並列ベンチマークワーカーは、1つのアプリケーションスレッドよりもディスク、NANDチャネル、CPUコア、SMBチャネル、またはNVMeキューにリクエストをより効果的に分散できます。このテストは総合的なスケーリングを証明しており、1つのコールドアプリ読み取りが同じ恩恵を受けるわけではありません。
ストレージメディアをテストする際は関連するキャッシュより大きなデータセットを使い、アプリケーションキャッシュが設計に含まれる場合は別途ウォームキャッシュテストを実行してください。両者を混ぜるとボトルネックが不明確な数値になります。
ホームNASのランダム読み取りテストは実際のワークロードにどう合わせるべきですか?
実用的なベンチマークは、実際のアプリケーションが変化させる次元を変化させます。現実的なテストは最大IOPS値を報告するのではなく、ワークロードのキュー深度に合わせる必要があります。
QD1といくつかの中程度の深度をテストし、4Kまたは8Kの小さな読み取りとメディアやバックアップツールが使う大きなブロックを含め、平均およびp95、p99、最大レイテンシを記録してください。ストレージの変更を比較する際はクライアント、プロトコル、暗号化、データセットを一定に保ちます。
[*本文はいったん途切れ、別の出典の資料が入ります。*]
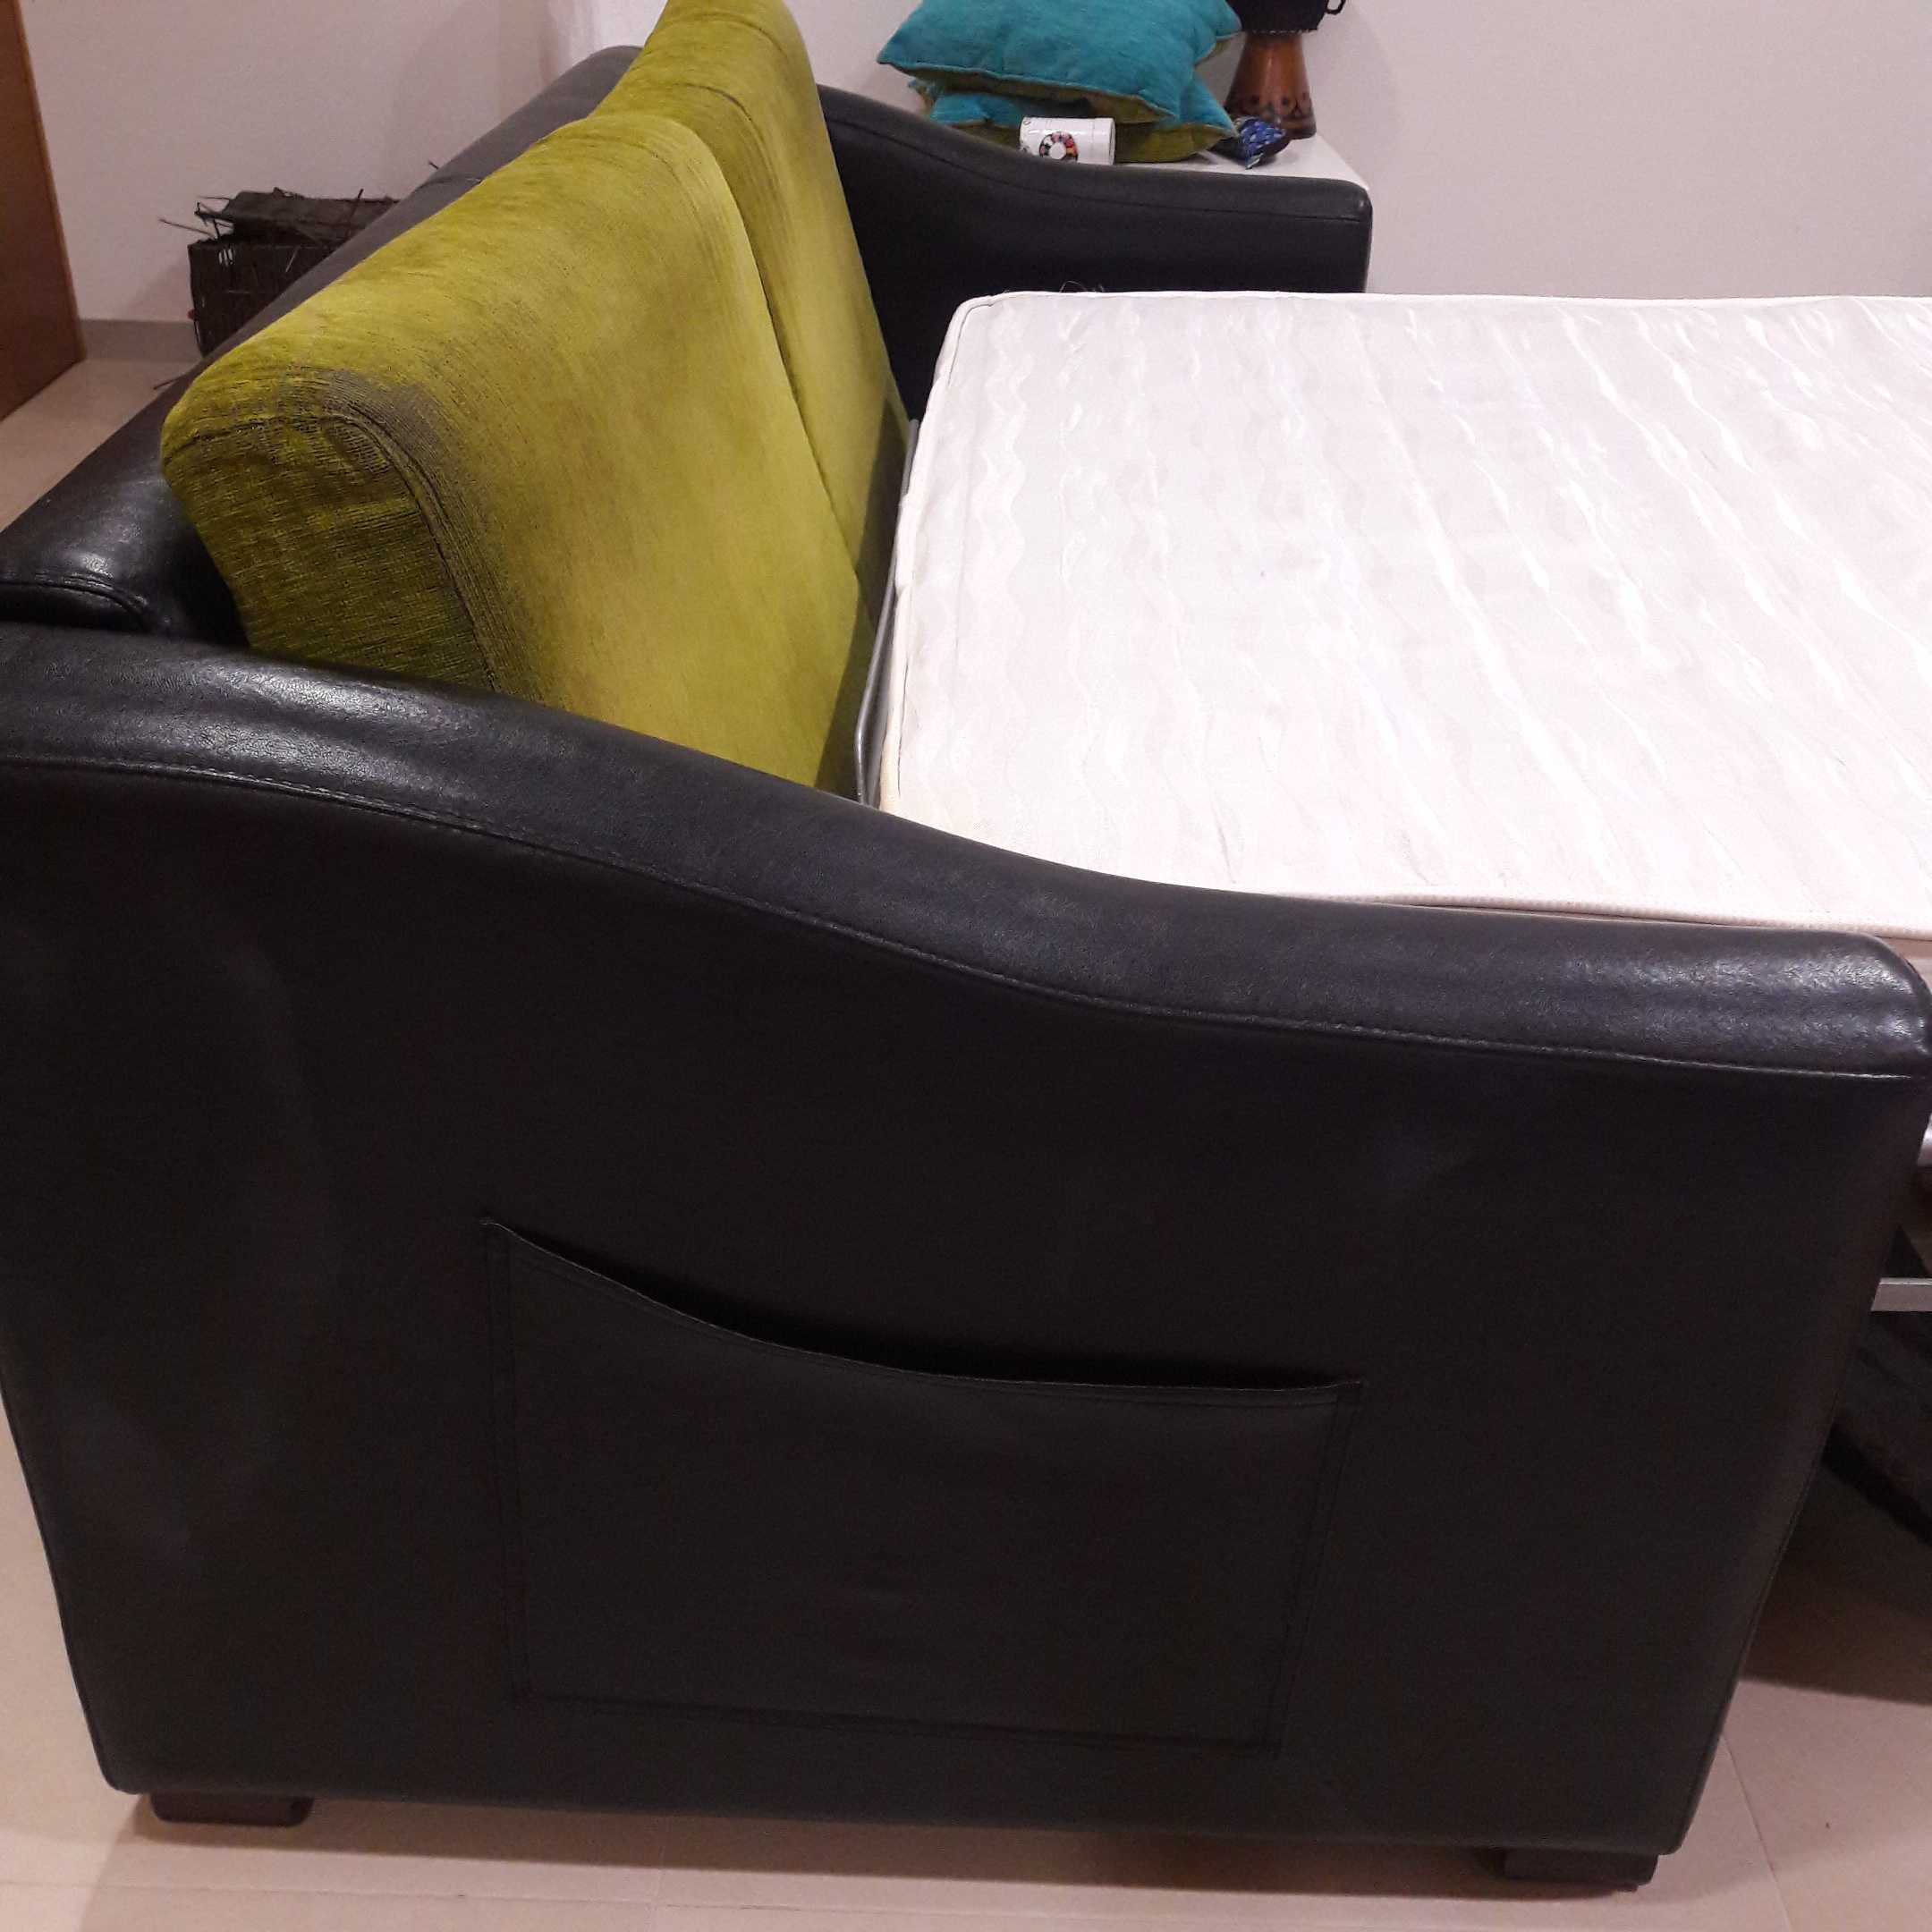 Sofá de 3 lugares com cama incorporada

ランダム読み取りテストは単独で、かつ実際にNASを共有するバックグラウンドワークロードと並行して実行してください。単独のベンチマークはストレージパスを正確に測定できますが、アプリ、バックアップ、インデックス作成、パリティ競合時のユーザーが体験するレイテンシは明らかにできません。
| テスト形状 | 強調していること | よくある誤解 |
|---|---|---|
| 4K QD1 | 単一小読み取りの応答時間 | 最大デバイスIOPSを示すと仮定する |
| 4K高キュー深度 | 並列小I/O容量 | すべてのリクエストが低レイテンシであると仮定する |
| 128K低キュー深度 | 大きなリクエストの効率 | 4KとのIOPS直接比較 |
| キャッシュされたランダム読み取り | メモリとソフトウェアパスの性能 | 結果をストレージメディアに帰属させること |
よくある質問
キュー深度が高いほど常に良いですか?
いいえ。ストレージパスが飽和するまで総スループットを改善できますが、リクエストの待ち時間が長くなり、インタラクティブなレイテンシが悪化する可能性があります。
なぜ4Kランダム読み取りの数値がよく報告されるのですか?
小さなブロックはデータベースページ、メタデータ、アプリケーション状態に似ており、大きな連続転送が隠す操作ごとのオーバーヘッドを露呈します。
NASベンチマークはQD32を使うべきですか?
期待されるワークロードがそれだけの並列I/Oを生み出せる場合のみです。インタラクティブなホームサーバーアプリにはQD1や中程度の深度を含めてください。
ネットワークレイテンシがランダム読み取りテストを支配することはありますか?
はい。SMBやNFSの往復通信、クライアント処理、暗号化、スイッチのキューは、特にキュー深度が低い場合、デバイスのサービス時間を超えることがあります。
最終的な結論
キュー深度は、どれだけのI/Oが待機または並行して実行できるかを決定し、ブロックサイズは各操作が移動するデータ量を決定します。キュー深度が高いと総IOPSは上がる一方で、リクエストごとのレイテンシが増加し、大きなブロックはスループットを向上させつつ操作回数を減らします。実用的なホームNASベンチマークは、最大の見出し数値を選ぶのではなく、実際の同時実行性、データサイズ、キャッシュ状態、テールレイテンシ要件に合致させるべきです。